Берлога для ежика, Сказки белого о

Анатолий Скала
      Анатолий  Скала          Б Е Р Л О Г А    Д Л Я    Е Ж И К А

      Прибежали  раз  мыши  к  Тимоне  и  ну  приставать:
      —  Ты  где  нынче,  Тимоня,  зимой  спать  собираешься?
      —  Где… —  замялся  в  ответ  домовой. —  Как  обычно!
      —  Под  печью! —  смеются  над  ним  серые  мыши. —  А  умные  звери  —  хоть  тот  же  барсук,  хоть  медведь, —  те  в  берлогах  спят!  Ты  видал,  чтоб  медведь,  и  под  печкой  спал?
      —  Медведь  —  не  домовой,  —   отвечал  им  резонно  Тимоня.
      —  А  ежики,   что  в  домах  живут?  Разве  не  домовые?
      —  Про  ежей  неизвестно, —  сознался  Тимоня. 

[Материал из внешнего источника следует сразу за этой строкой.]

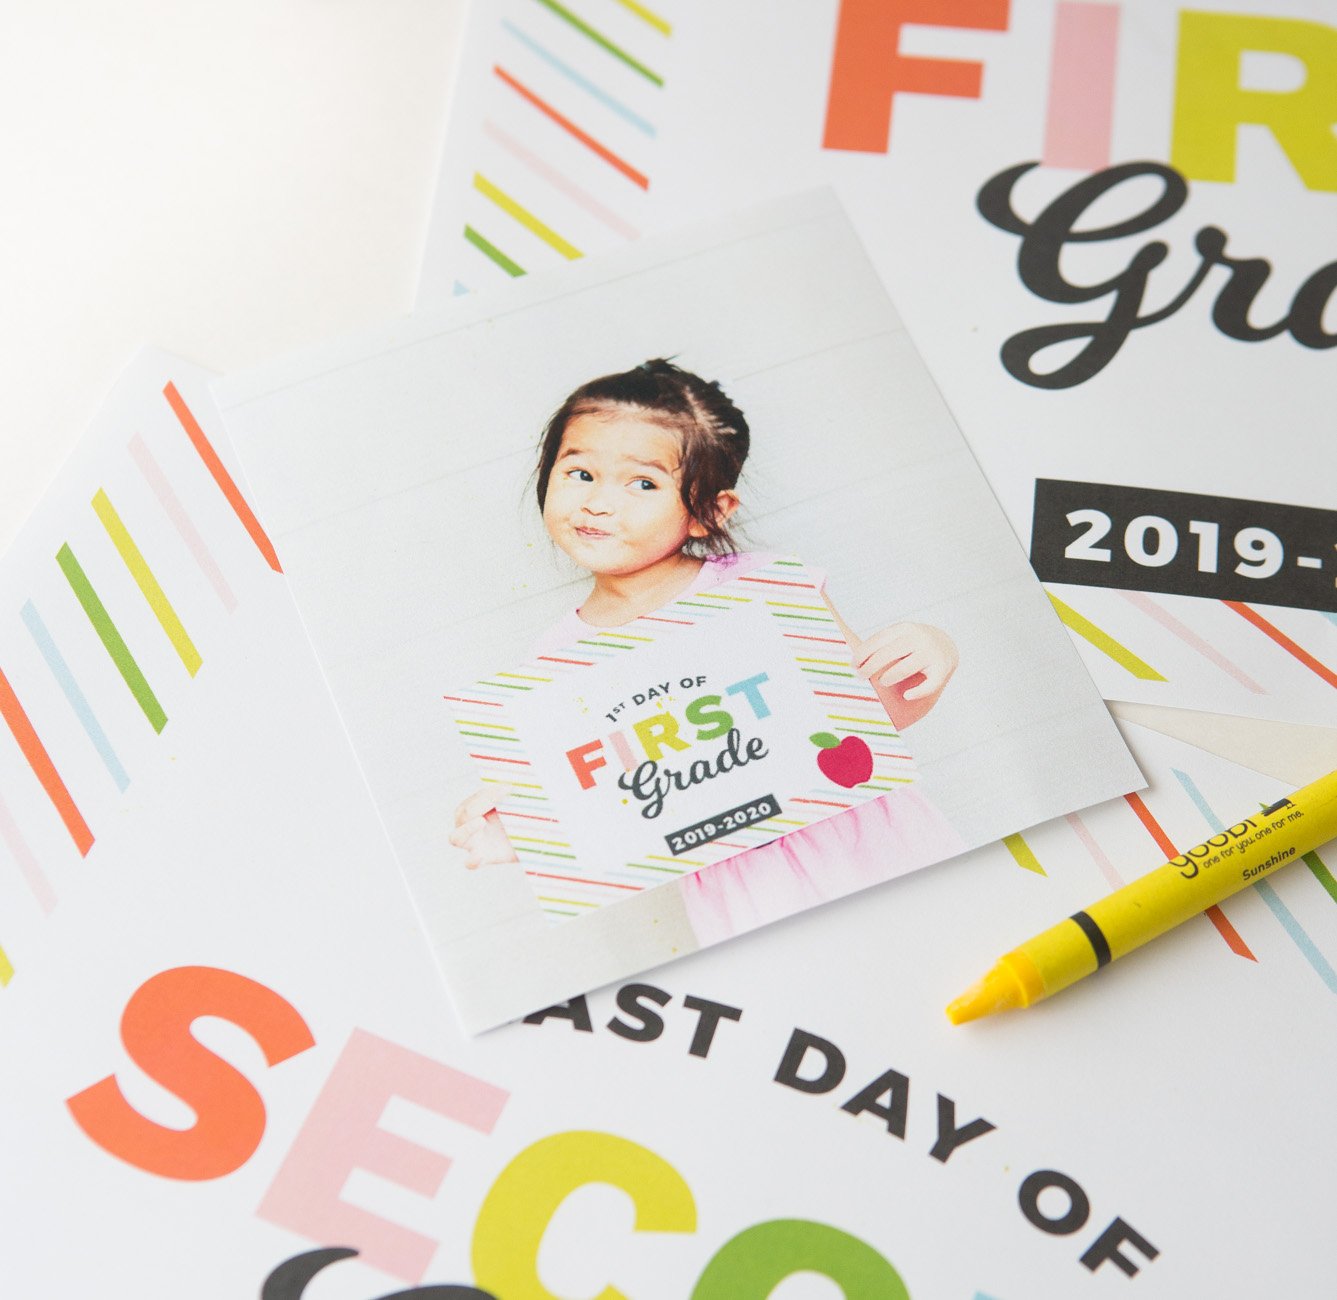 Free Printable Back to School Signs Colorful Pre-K to 12th Grade, 2019-2020
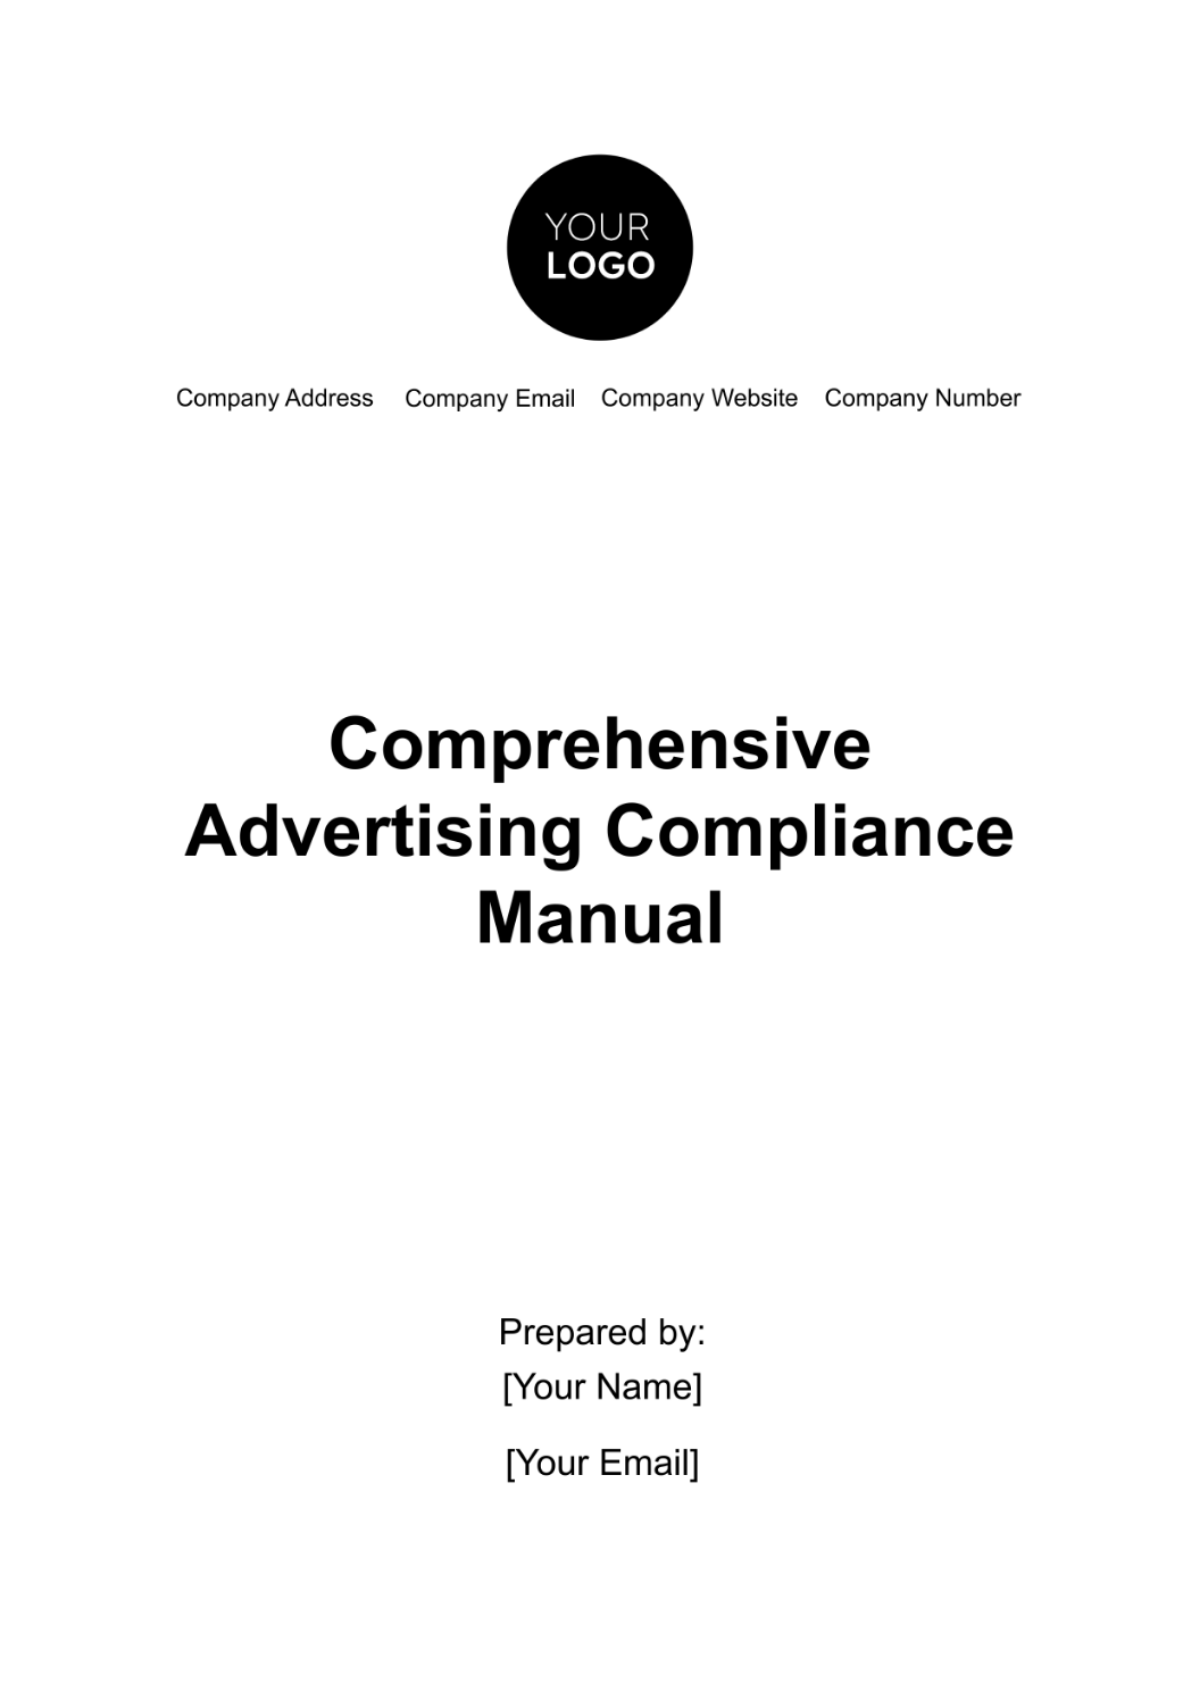 Comprehensive Advertising Compliance Manual Template

      А  мыши  не  отстают:
      —  Наш  хозяин  вчера  на  тропинке  ежа  поймал,  в  сенцы  выпустил.  Так  тот  сразу  берлогу  из  старых  газет  себе  сделал, водички  попил  —  да  и  спать  собирается…  Не  как  некоторые… —  посмотрели  насмешницы  на  домового, —  что  по  зимам  туда — сюда  шастают,  мышей  честных  пугают,  да  сыру  выпрашивают! —  И  еще  повторили:
      —  Тому,  кто  в  берлоге,  так  милое  дело:  ни  меду,  ни  сыру  не  надо.  Водички  попьют  —  да  и  спать,  водички  попьют  —  да  и  спать…
      —  Вот  уж  будет  вам  милое  дело,  —  не  выдержал  домовой. —  Как  возьмутся  еж  с  кошкой  за  вас,  так  не  будете  знать  куда  выскочить!
      —  Эки  страсти  ты  нам  говоришь,  —  завизжали  проказницы.  —  Этот  ежик  у  нас  современный,  он  ци – ви - лизованный!..
      Тут  на  кухню  вбежала  разведчица,  еще  с  вечера  наблюдавшая   за  колючим  жильцом,  и  крикнула: 
      —  А  ведь  еж – то  больной!..  Его  люди  лечить  собираются!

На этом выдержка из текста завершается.